Final Paper Option

If you are considering the paper option, instead of the final exam, here are parameters:

The paper should be 8 pages in length on a topic that falls within the temporal and subject dimensions of the class. That is, it should engage a performance form from prehistorical, ancient, medieval, or pre-colonial global sites.
 
For the proposal, send your idea for a topic written in a paragraph or two (no more than one page). Please give me a preliminary bibliography -- words you plan to consult. Try and have at least three discovered sources

SHOULD YOU CHOOSE THE PAPER OPTION? 

The paper option is a good option to chose if you care to go into greater depth on one topic or one area of world performance. You could either take a part of the world we have explored or will explore -- India, Africa, Indigenous Americas, Egypt, Greece, Rome, or branch into a part of the world we have not studied: China, Japan, Indonesia, etc. etc. The goal would be to study performance in the context of its space and time. For those who chose a pre-colonial site, this will be more challenging given sometimes radically different notions of preservation and archive in pre-contact worlds,  so you would be allowed to use contemporary studies that explore "survivances" alongside other sources you may find.  That is, for some parts of the world there simply will not be as much in the library.
Your paper can be a report on your research.

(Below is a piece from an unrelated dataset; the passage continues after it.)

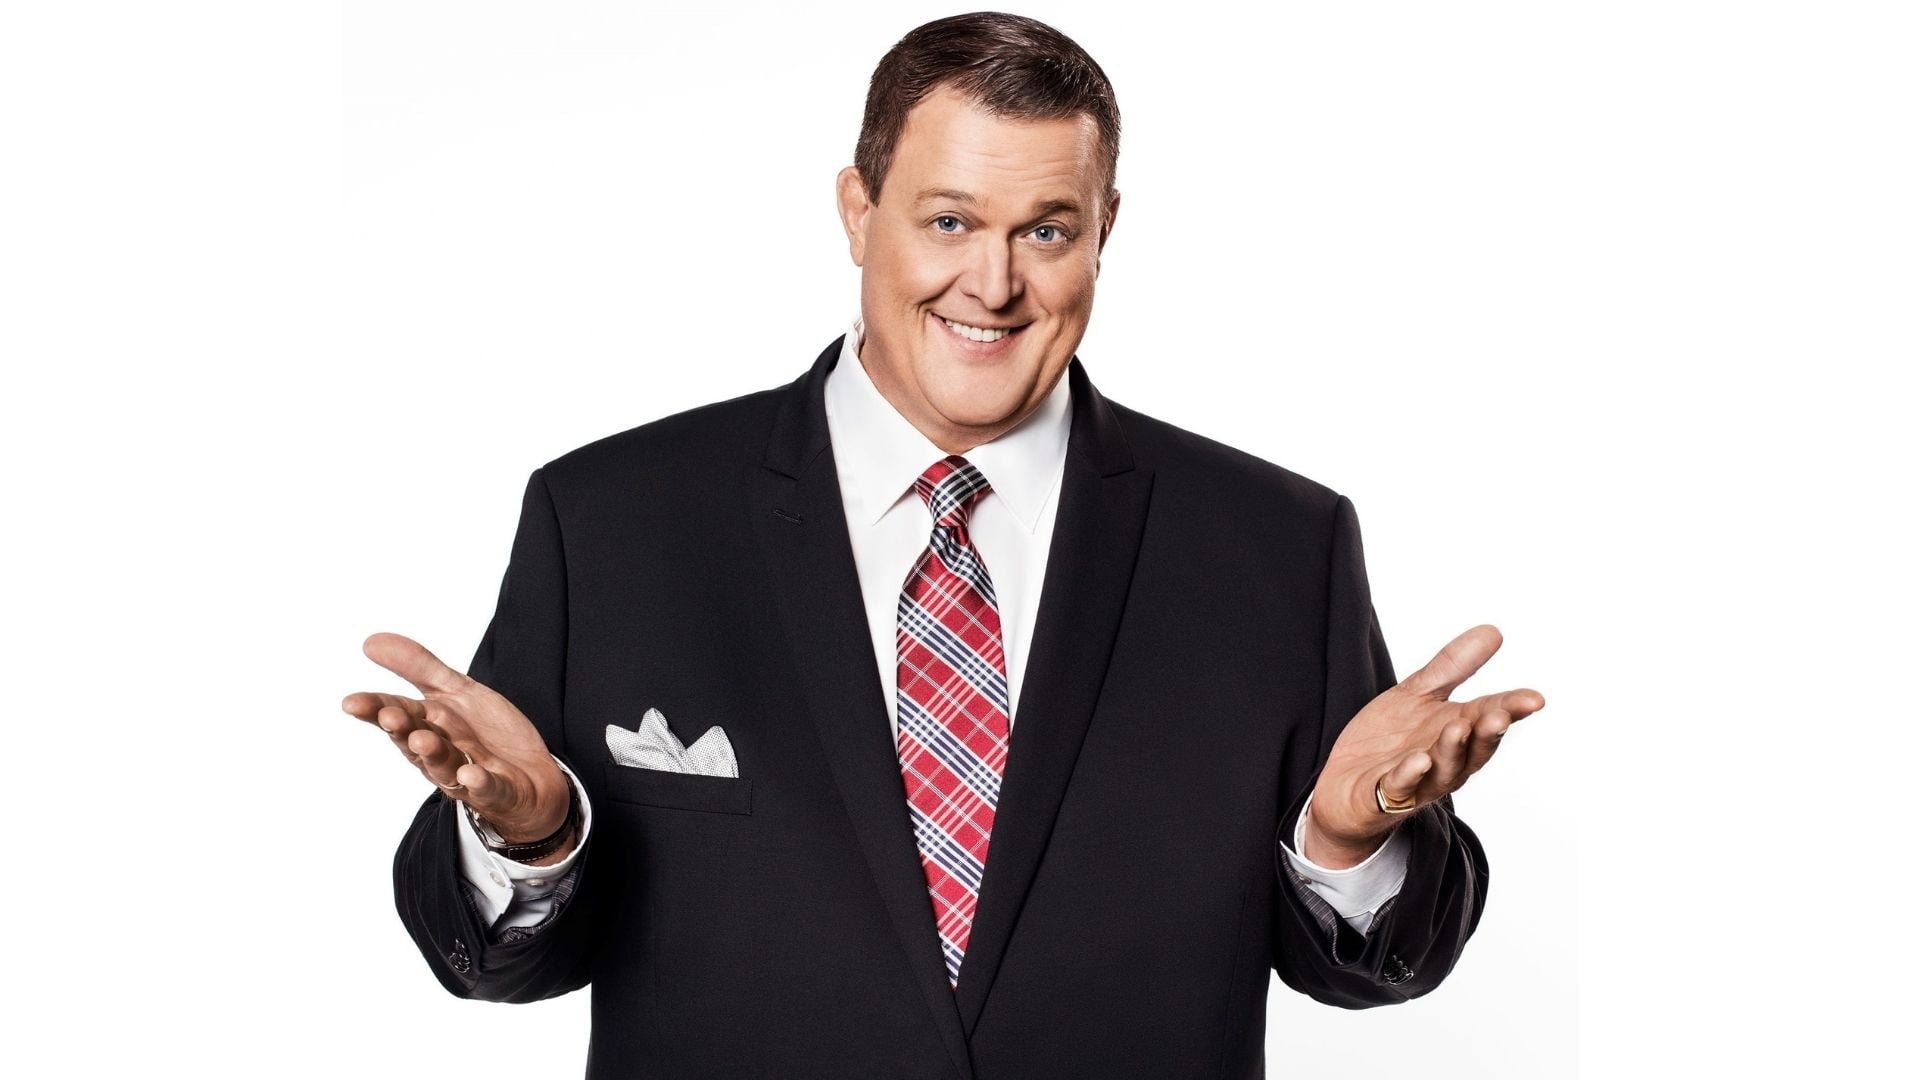 Billy Gardell's Weight Loss Experience

You would not need to engage comparatively, as we have done most of the semester, though you could if you so choose (that is, perhaps you would like to relate Balinese cockfighting to another form of choreographed fighting in the world, or perhaps you would want to contrast Yoruban ritual form to something you learn about Medieval Japan, etc).

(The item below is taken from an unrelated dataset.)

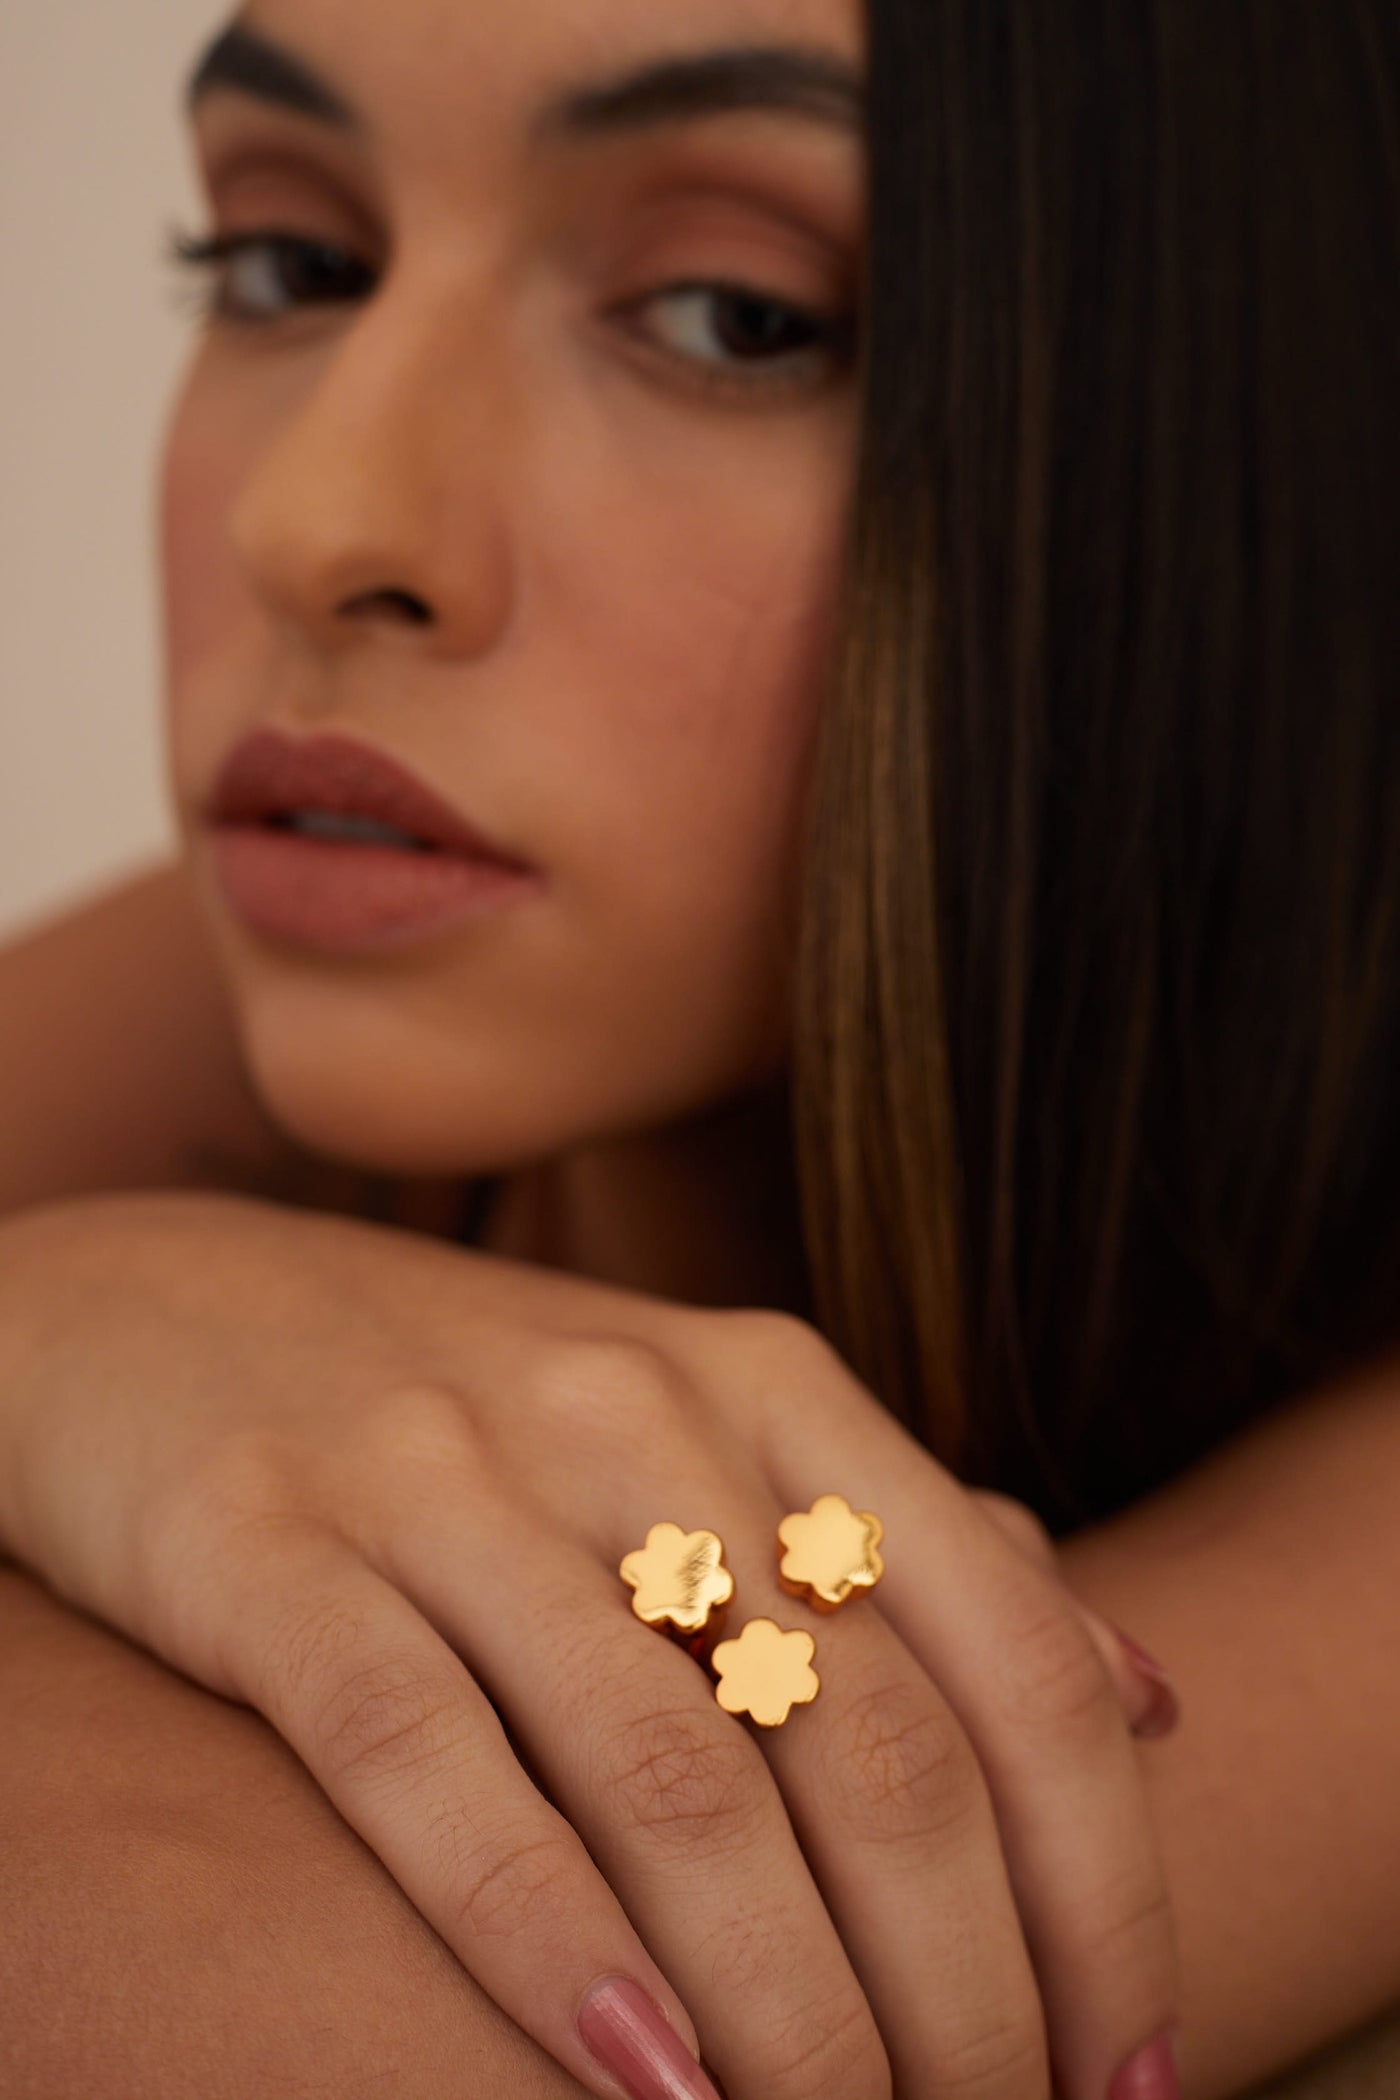 Outhouse jewellery OH Poppi Clump Ring gold online shopping melange singapore indian designer wear

If you care to go further than report on a performance form, you can certainly take up the class question and theorize: how is the performance form you study in any way a "sceneographic model of sociometric process" (Schechner)?  Or, how does the performance form allow those participating to "show or tell themselves to themselves" a la Geertz (if it does)?  Or, is the performance form a form of culture clash and if so, is it inequitable or imbalanced  (Soyica) or does it negotiate evenly (Schechner)? What are the modes of the form's "participatory hermeneutics" (Drewal)?  Or, how does the form relate to memory (Connerton or Stoller Miller)? There are lots of angles you could take.

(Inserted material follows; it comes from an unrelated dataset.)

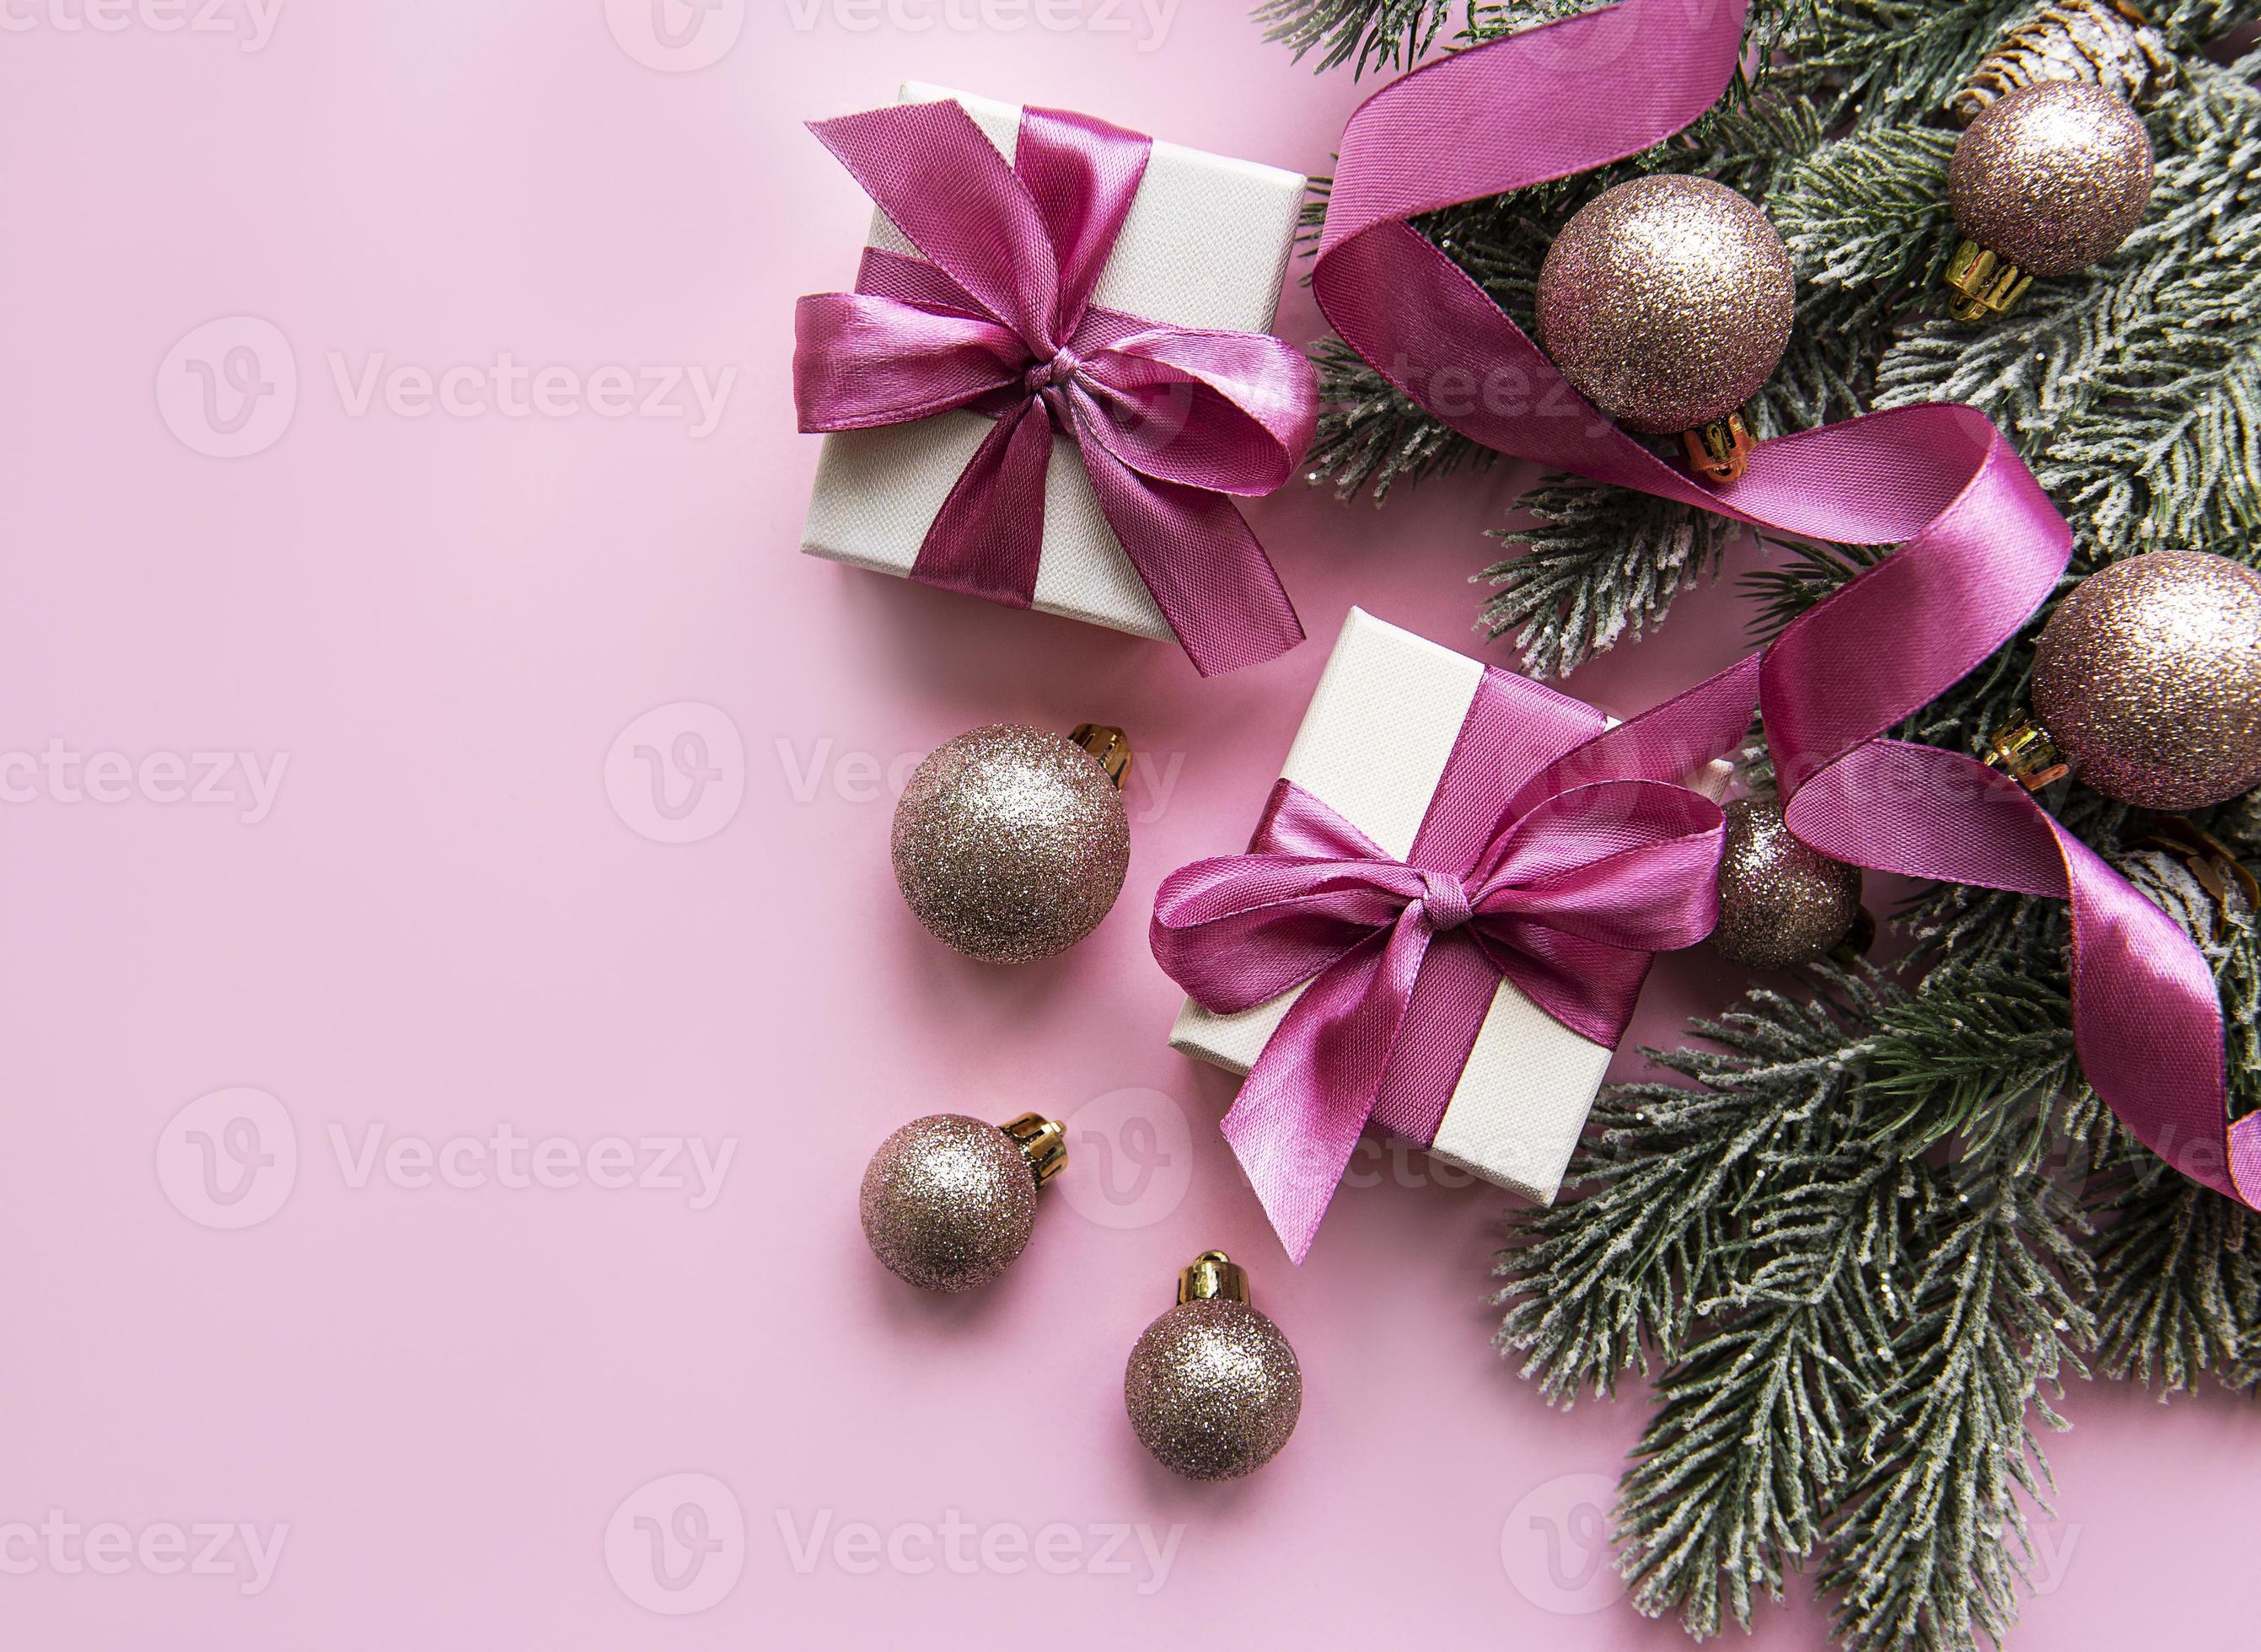 Christmas gifts, pink decorations on pastel pink background

Be sure to set out a thesis in the paper, and develop that thesis in the body of the paper, coming to a conclusion at the end. I am open to alternative forms to this report if you would like to discuss one with me. You should have at least three sources, and at least two of those should be from beyond the class syllabus. Feel free to includle footnotes, but be sure that your style is consistent. You can use either Chicago style or Turabian (if you need links, they should be on the blog but if you have difficulty let me know).